Я знаю, что больше ничего нельзя сделать.
— Они идут за нами, господин младший лейтенант, — стонет какой-то солдат, изможденный, словно тифозный больной.
Безразличие, что-то вроде столбняка, овладевает мной. Вся моя воля истощилась в конвульсивных порывах тела. Свист пуль смешивается с оглушительными взрывами снарядов и на их фоне кажется смешным и каким-то неощутимым для моих чувств.
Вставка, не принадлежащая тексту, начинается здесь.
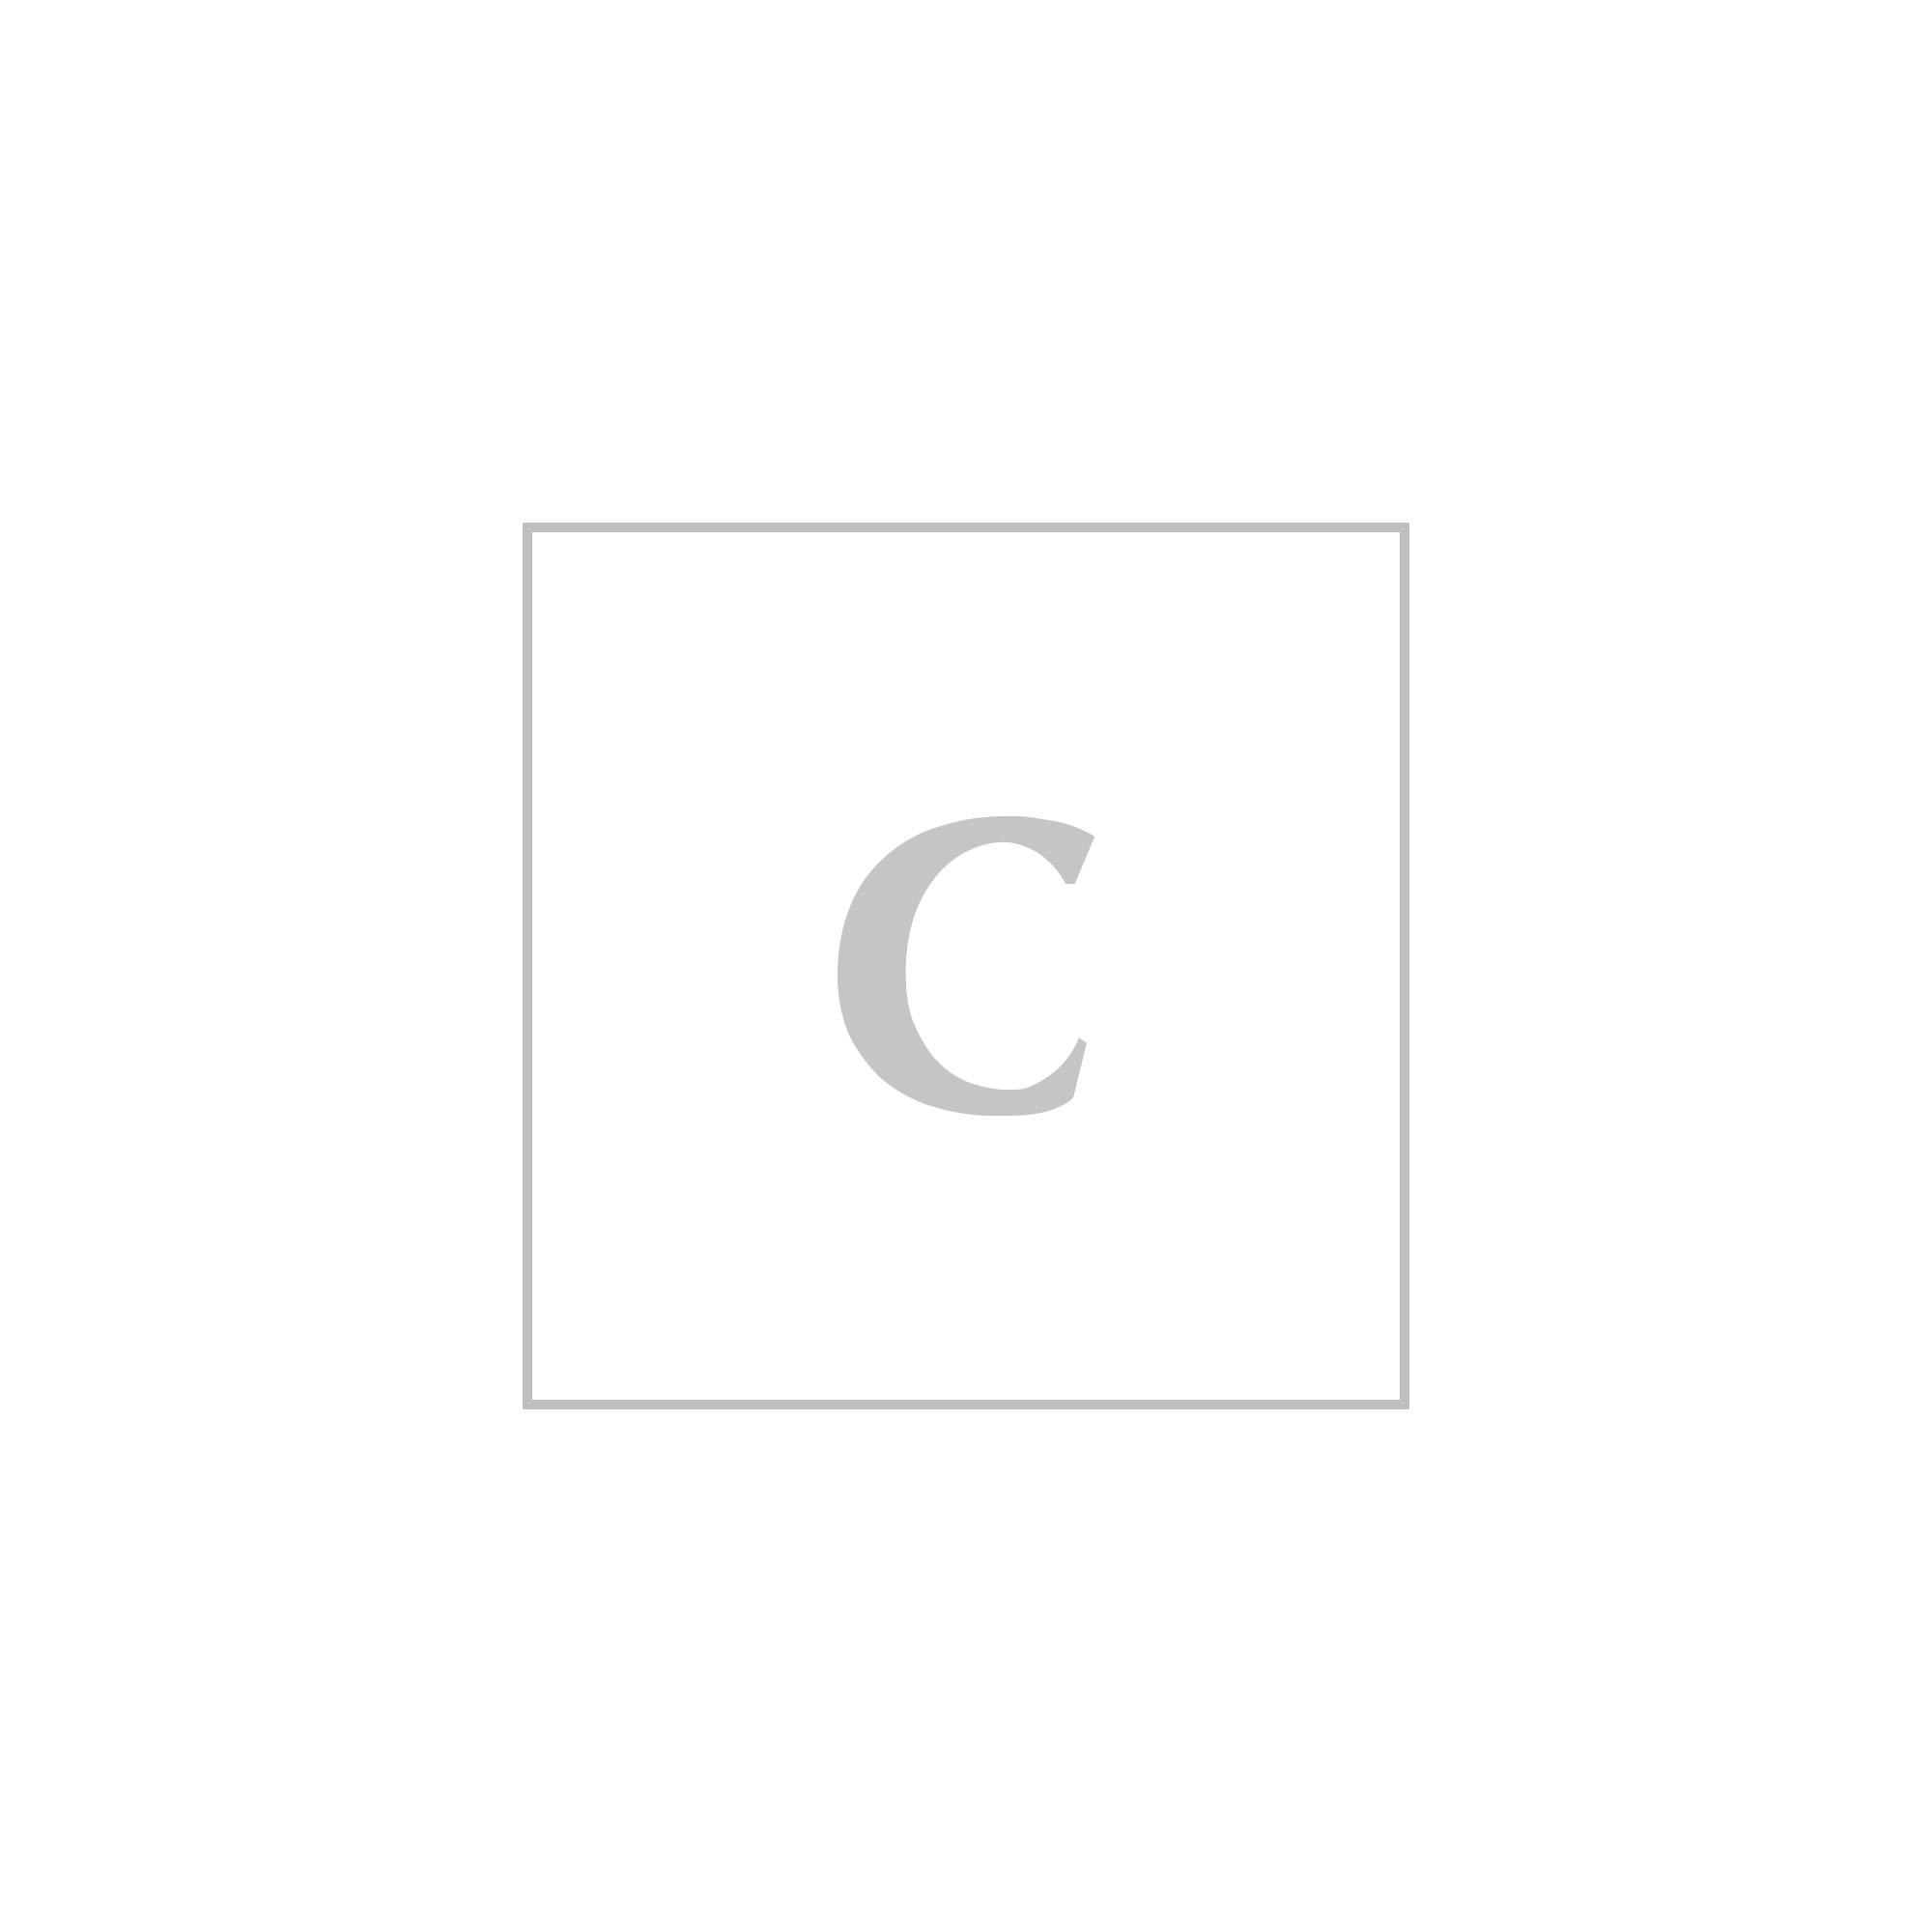 blusa cotone micro check abbigliamento donna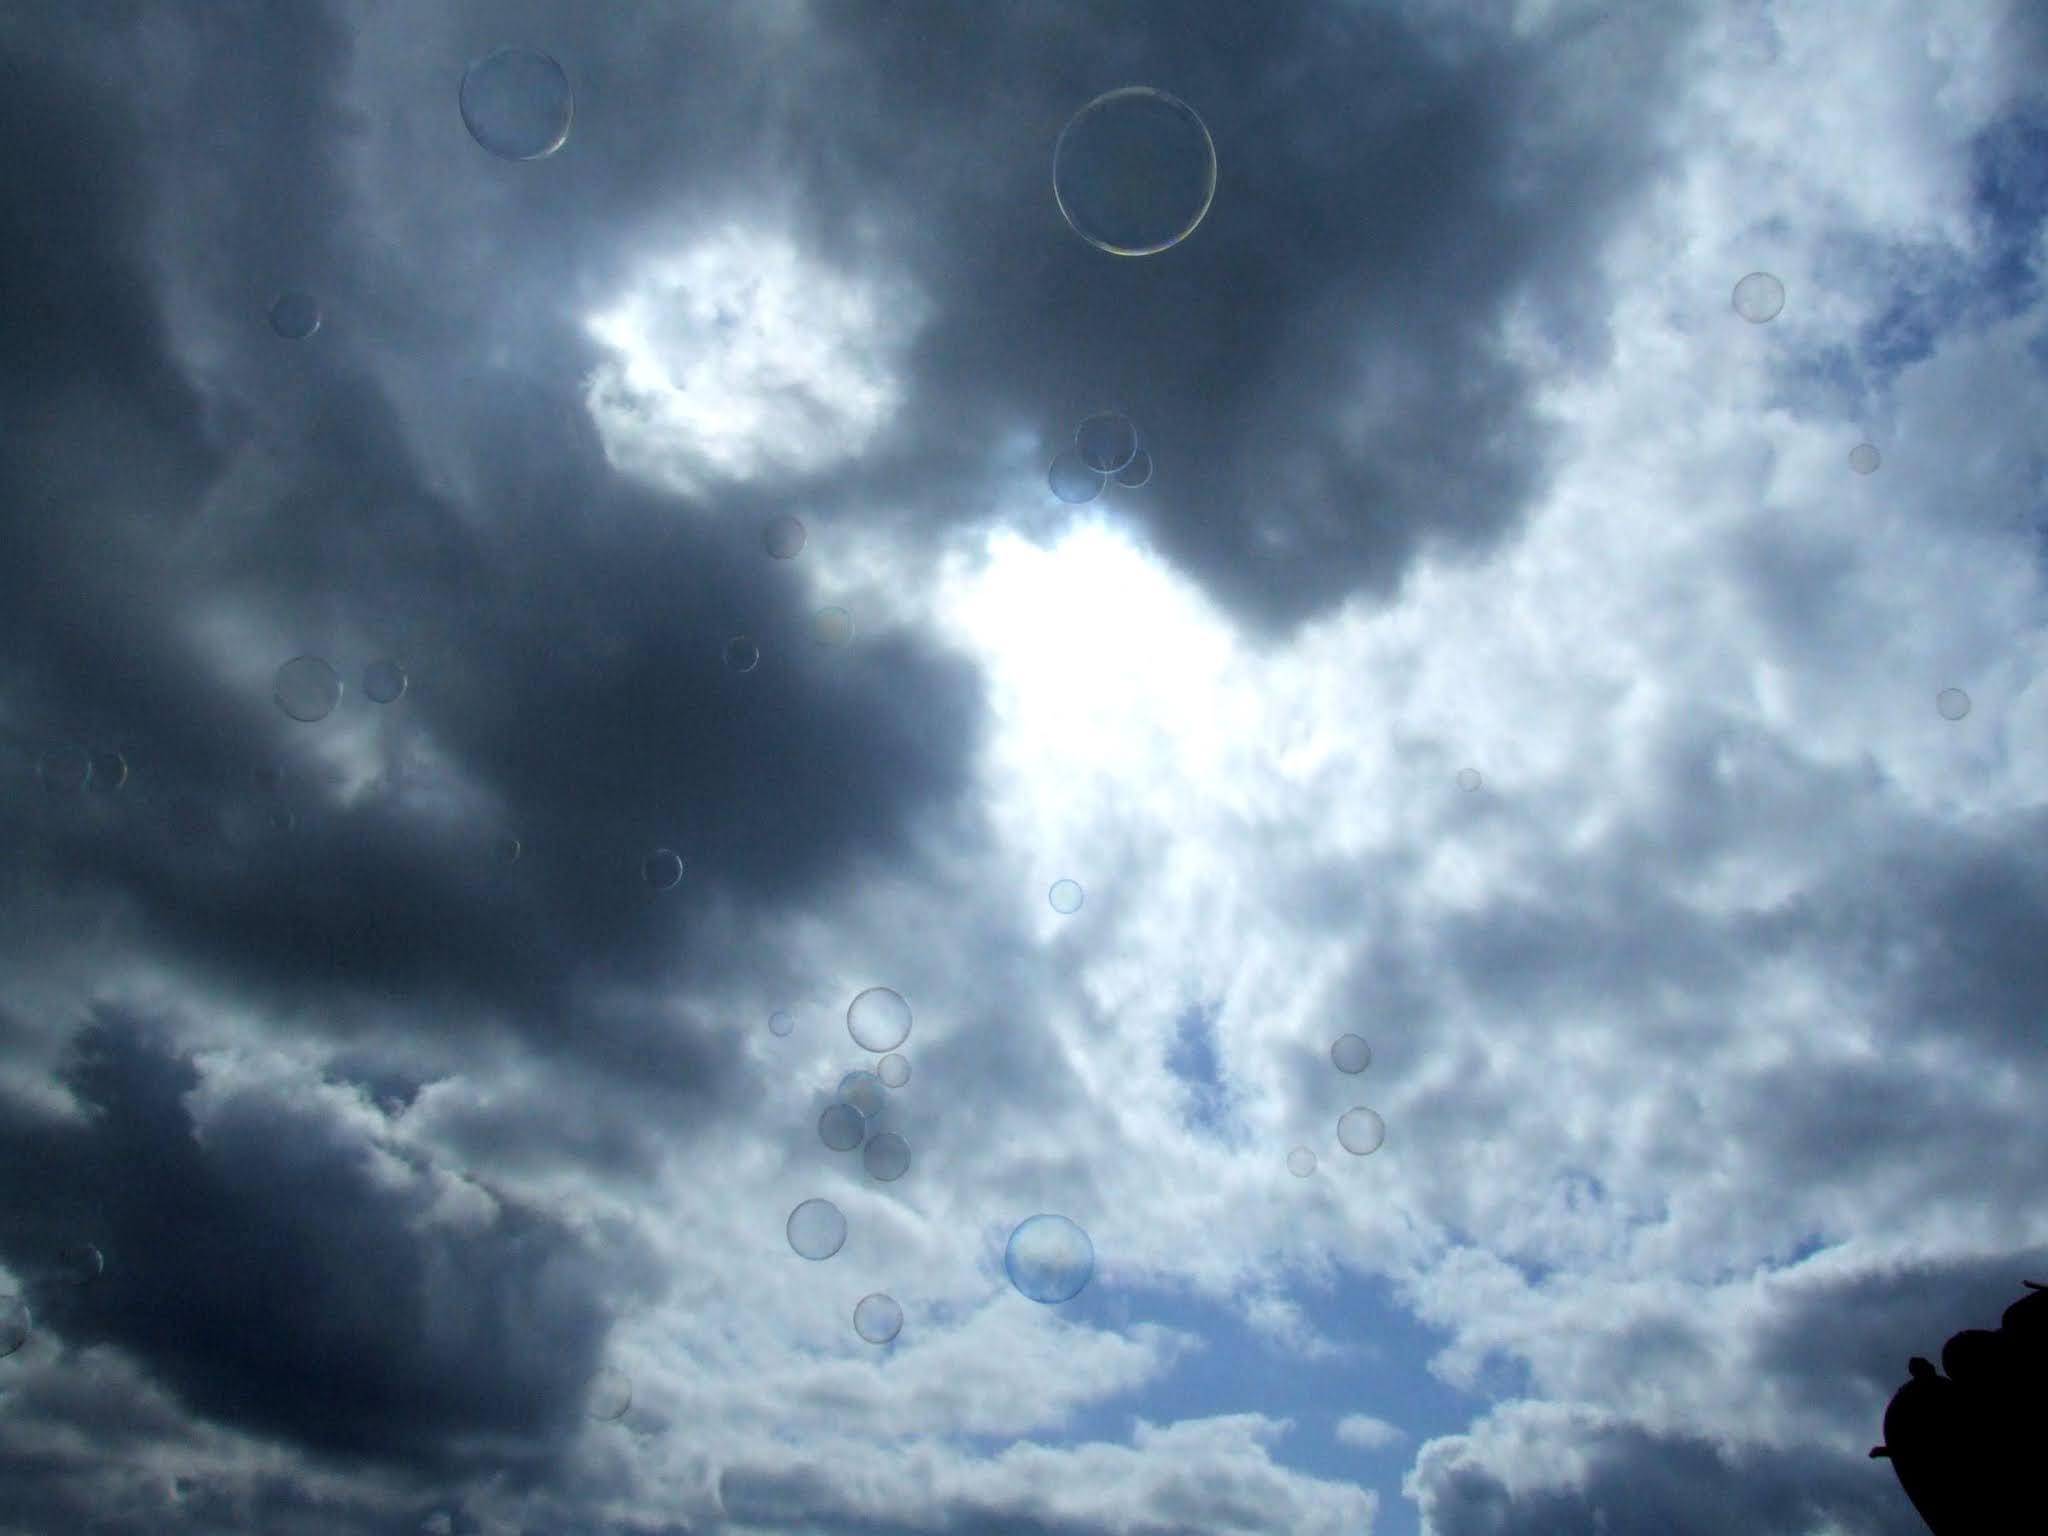 真っ青な空と白い雲に、シャボン玉が飛んでいる風景の写真素材です。どこかファンタジックで非日常な印象を与えます。

Еще рывок: ведь там, далеко внизу, все же — село. Снова вой снарядов, взрывы, и перед нами взлетают фонтаны грязи.
Наступила, кажется, минута передышки. Измученный, я шепчу:
— Никулае, давай свернем налево. Они стреляют нарочно на десять шагов вперед, чтобы накрыть нас взрывом.
Но в тот же миг снова раздается дикий визг снарядов, потому что, кроме тех пушек, которые стреляют, когда мы лежим, другие, кажется, только и поджидают, когда мы встанем. Ясно, что, пользуясь случаем, те, наверху, практикуются в учебной стрельбе, так же как раньше проводили учебный смотр.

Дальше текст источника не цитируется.